Punchlines in Song Titles/Lyrics

Make up your own jokes, but the punchline has to be a song tittle or lyric with at least one letter changed (but still recognizable as the lyric.)

Examples:

What was the name of the deleted scene from Dirty Dancing where the main character was gambling with the workers?
Dice, Dice, Baby.

Did you hear about the heavy metal cover singer that got kicked off America’s Got Talent?
He would do anything for love, but he won’t do Ratt.

That superhero movie is just terrible!
Thor: what is it good for?

I woulda had checkmate in two moves if you didn’t put your piece on that one square!
If you liked it then you should’ve put your king on it.

Did you hear about the beauty pageant winner who got a sex change?
Bye, Bye Miss. America’s Pie.

How’s your home improvement classes going?
She told me to caulk this way.

The surgeon needs to keep his hands sterile during the operation,
but this tainted glove you’ve given…

Why did you bother giving us that cake batter?
We’re not gonna bake it.

All right Mr. Gollum, if you don’t tell Detective Stabler and me exactly what you did between 9pm and 12 last night, you’re going down for the rape and murder of those two dead barefoot gay midgets.

Me drinks a whiskey drink, me drinks a vodka drink, me drinks a lager drink, me drinks a cider drink, then me pissing the night away.

Hey, that out-of-work actor you hired to carry the payment better be on his way…did the cartel guys say how they were gonna pay us?
Busey’s in the sky, with diamonds.

Wow this movie is awesome, what is it called again?
In case you didn’t know, this is called “The Crow.”

Alright, enough fooling around, be serious for one second and tell me what you want for your birthday, and I still can’t believe you want that crappy sweater.
Girl, you know it’s true…I love J. Crew.

That’s the best, most original dance move I’ve ever seen! What do you call it?
Jazz in my pants.

What’s the best way to eat goat cheese?
Put it on a Ritz.

How do you like the new shelves to store your Star Trek collectables?
All my Tribbles seem so far away.

“How long’s this sad-looking piece of fruit been sitting on this counter?” “I 'unno, couple weeks.”

(To the fruit): “You’re a sad banana with a…greasy black peel.”

So Jenny, why do you think your child developed autism?
“Vaccination, all I ever wanted…vaccination, time to get away…”

Man this is bothering me, I gotta rewrite this:

“All right Mr. Gollum, if you don’t tell Detective Stabler and me exactly what you did between 9pm and 12 last night, you’re going down for the rape and murder of those two dead barefoot gay midget prostitutes.”

Me drinks a whiskey drink, me drinks a vodka drink, me drinks a lager drink, me drinks a cider drink…

“Yes, we pulled your ModorCard charges and saw that you were drinking heavily. We also have some witnesses who say you were jumping around and acting crazy.”

Me sings the songs that remindings me of the good times…

“Oh, karaoke was it? We’ll have to verify that. The bartender says you left at 11. Where did you go?”

ME PISSINGS! ME PISSINGS!

Did the Japanese throroughbred make it in time for the race at the Mardi Gras?

There is a horse in New Orleans; it’s called The Rising Sun.

A guy two steps away from reaching the top of Mt. Everest noticed his shoe heel was coming loose. He decided to go on, but the loose heel came off with the next step and he fell backward, rolling down the mountain.

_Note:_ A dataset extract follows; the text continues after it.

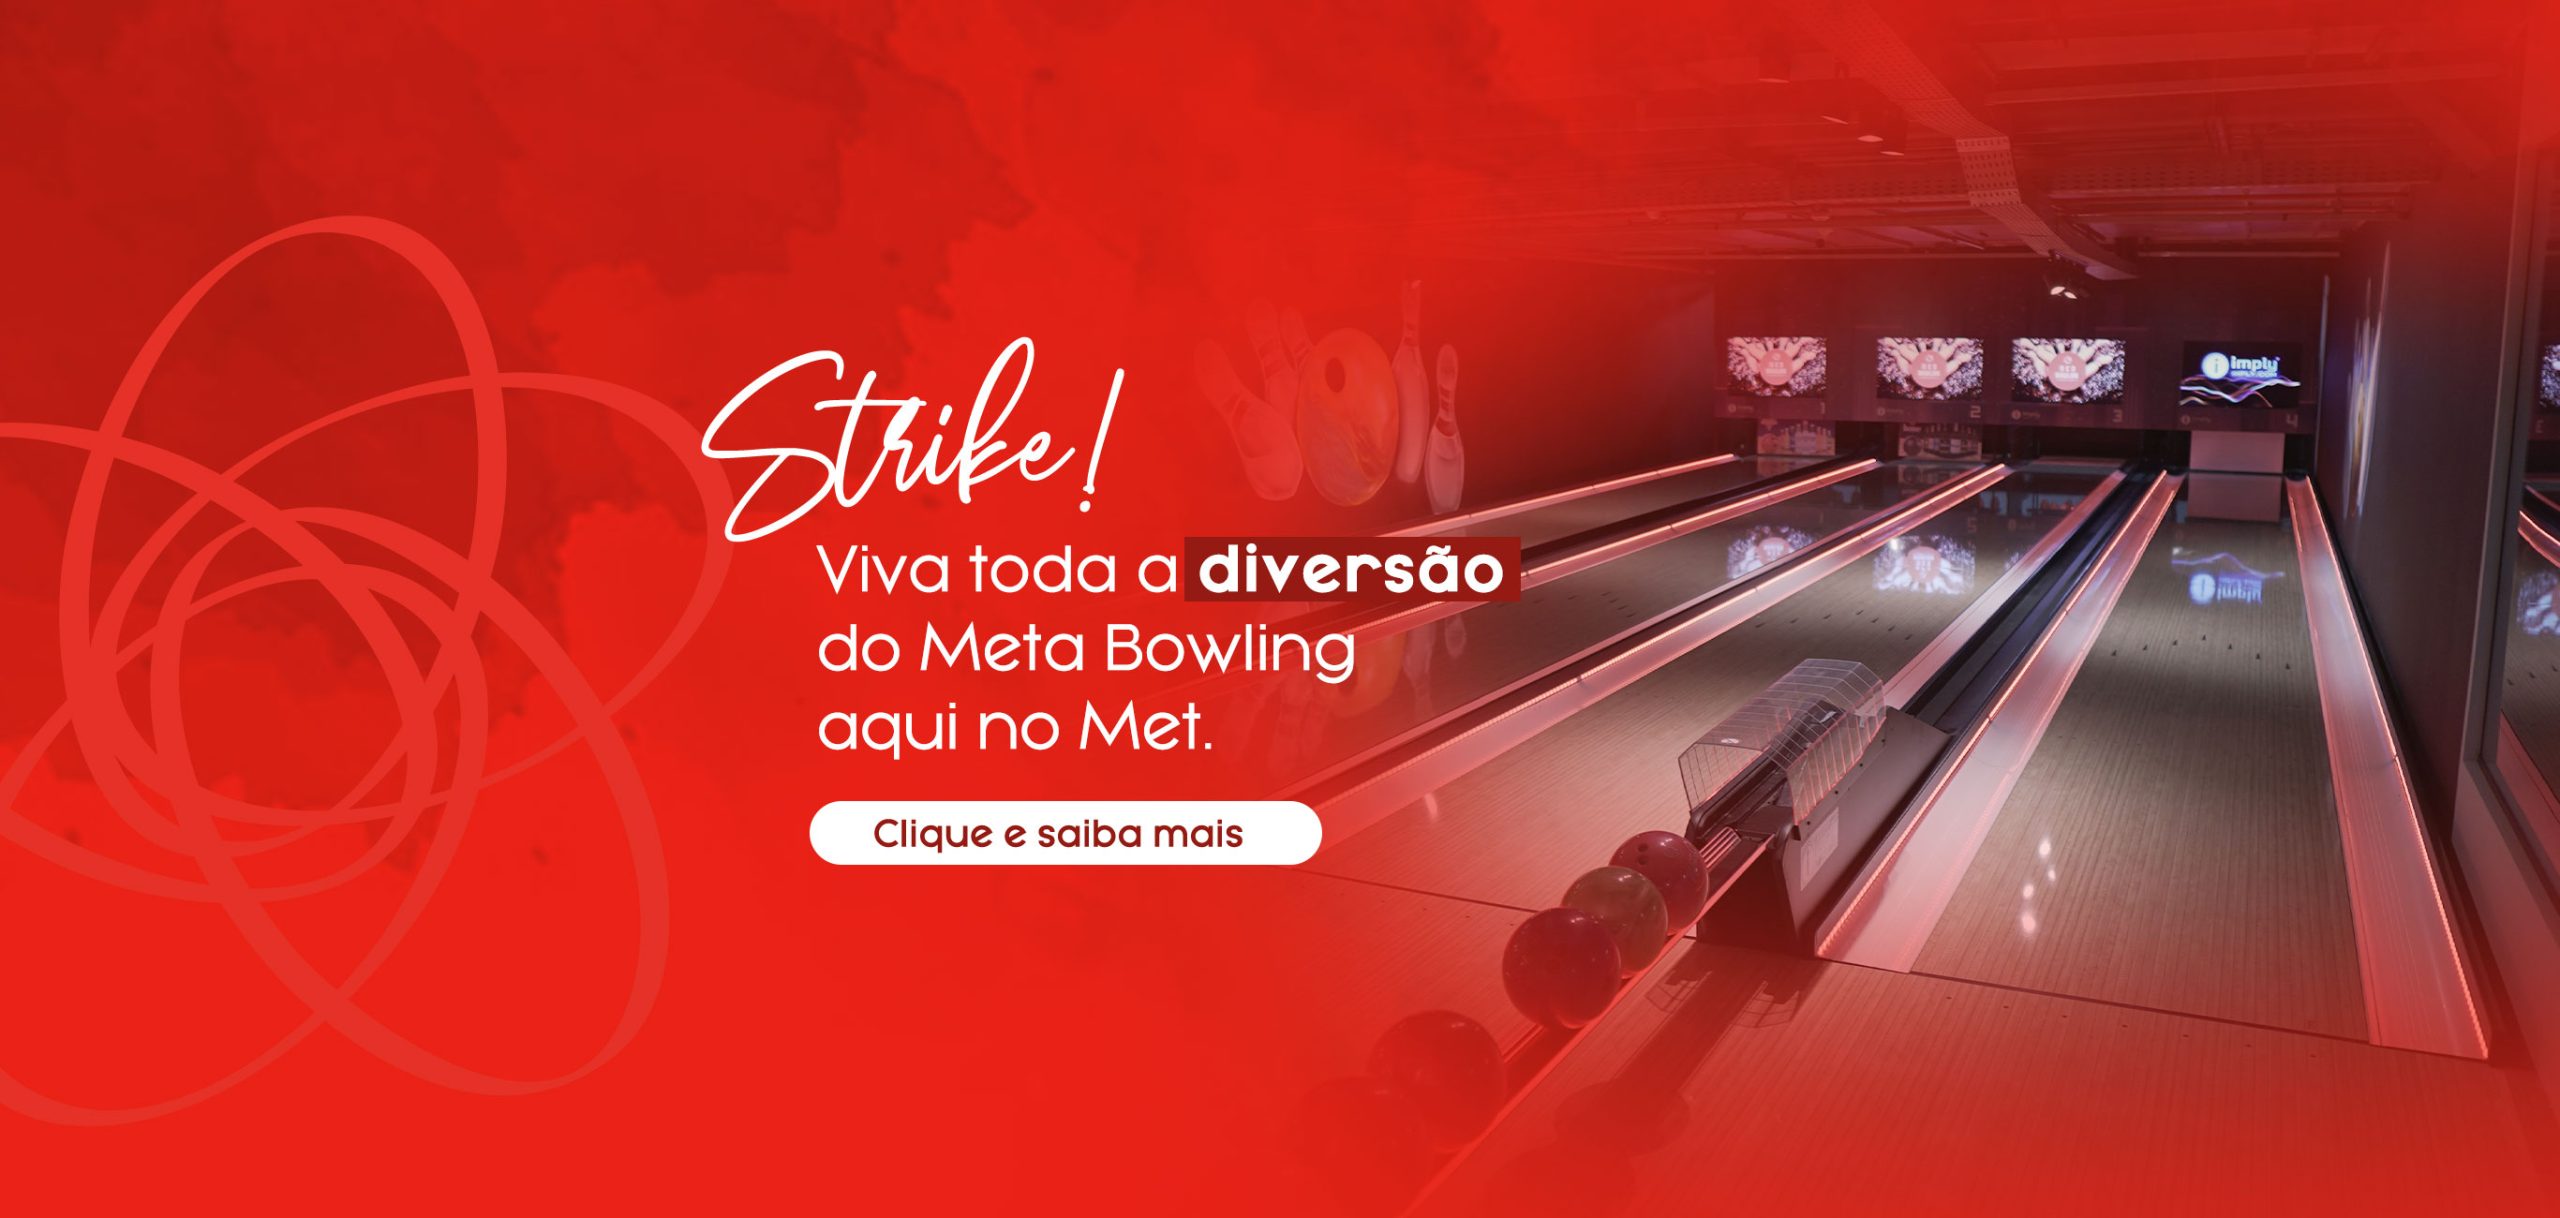 Strike! Viva toda a diversão do Meta Bowling aqui no Met. Clique e saiba mais - Shopping Metropolitano Barra

Two other guys climbing up the mountain warched his roll past them. The first one asked “What was that all about?” The second one said

I don’t know, but I heard him singing “You picked a fine time to leave me, loose heel.”

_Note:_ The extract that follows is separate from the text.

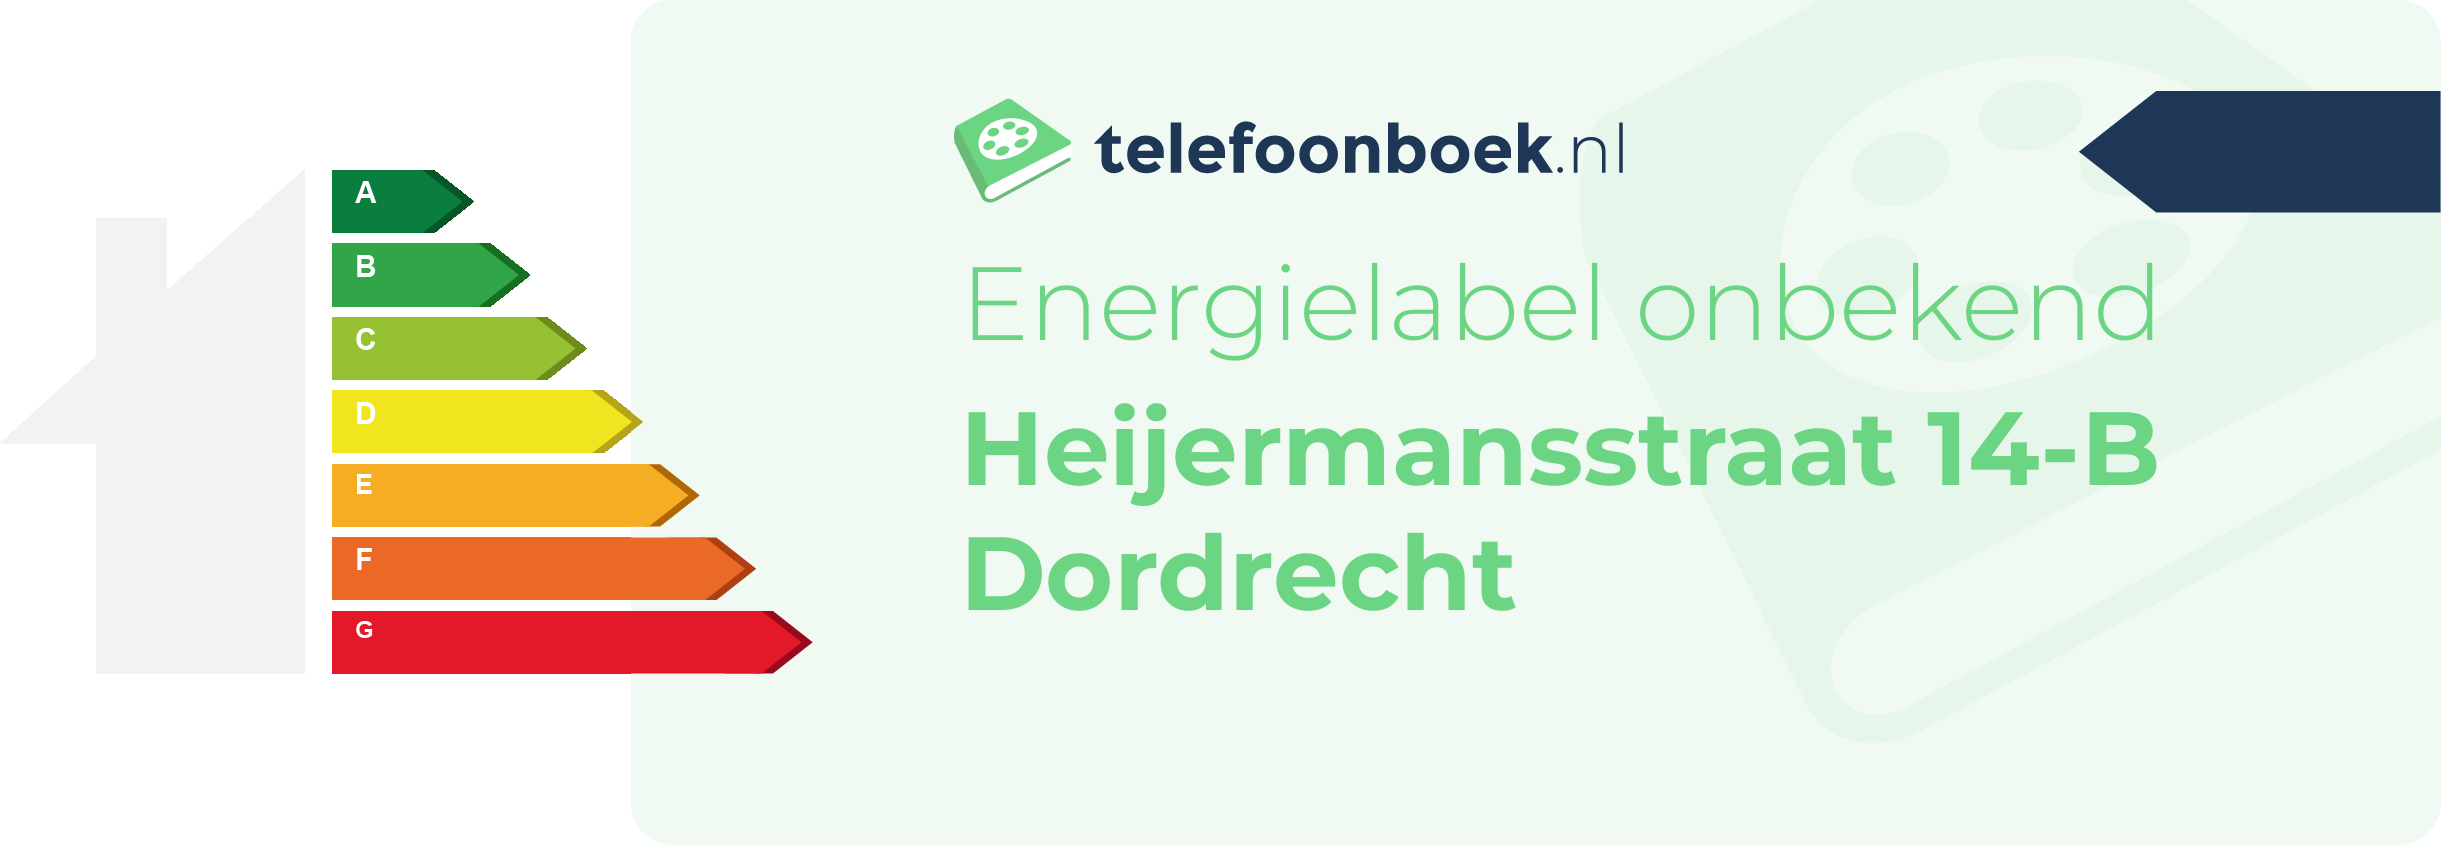 Energielabel Heijermansstraat 14-B Dordrecht

What should you get if vampires, werewolves, zombies and other creatures of the night attack your tent?

You need the Mesh. You need the Monster Mesh.

Jackie Robinson’s wife was so particular about her food that she insisted it all be prepared in puree form for her.
A reporter once asked her “Too cool to chew Mrs. Robinson?”

ring Hey son, what happened? Calm down! What are those sirens?
Momma just killed the van.

Do we have any suspects in the mermaid’s dismemberment/murder?
Who’s that kid with an Ariel cookie?

How do they diagnose autism in India?
When they play a sitar just like they’re ringing a bell.

I heard one of the stars from Star Wars almost made the cast of Game of Thrones, but got injured on the set?
Hutt got cut in the butt.

Minnie? Why are all your bags packed? Why is Tommy Lee outside?
Oh Mickey, what a pity, you don’t understand…you can’t win my heart if you only use your hand.

What do river barge pilots sing while making deliveries from Duisburg to Dortmund?

“RUHR! What is it good for?”

I heard the Crips started playing classic PC games from the 90’s?
Me and my homies like to play this game, some call it Amtrak, some call it SimTrains.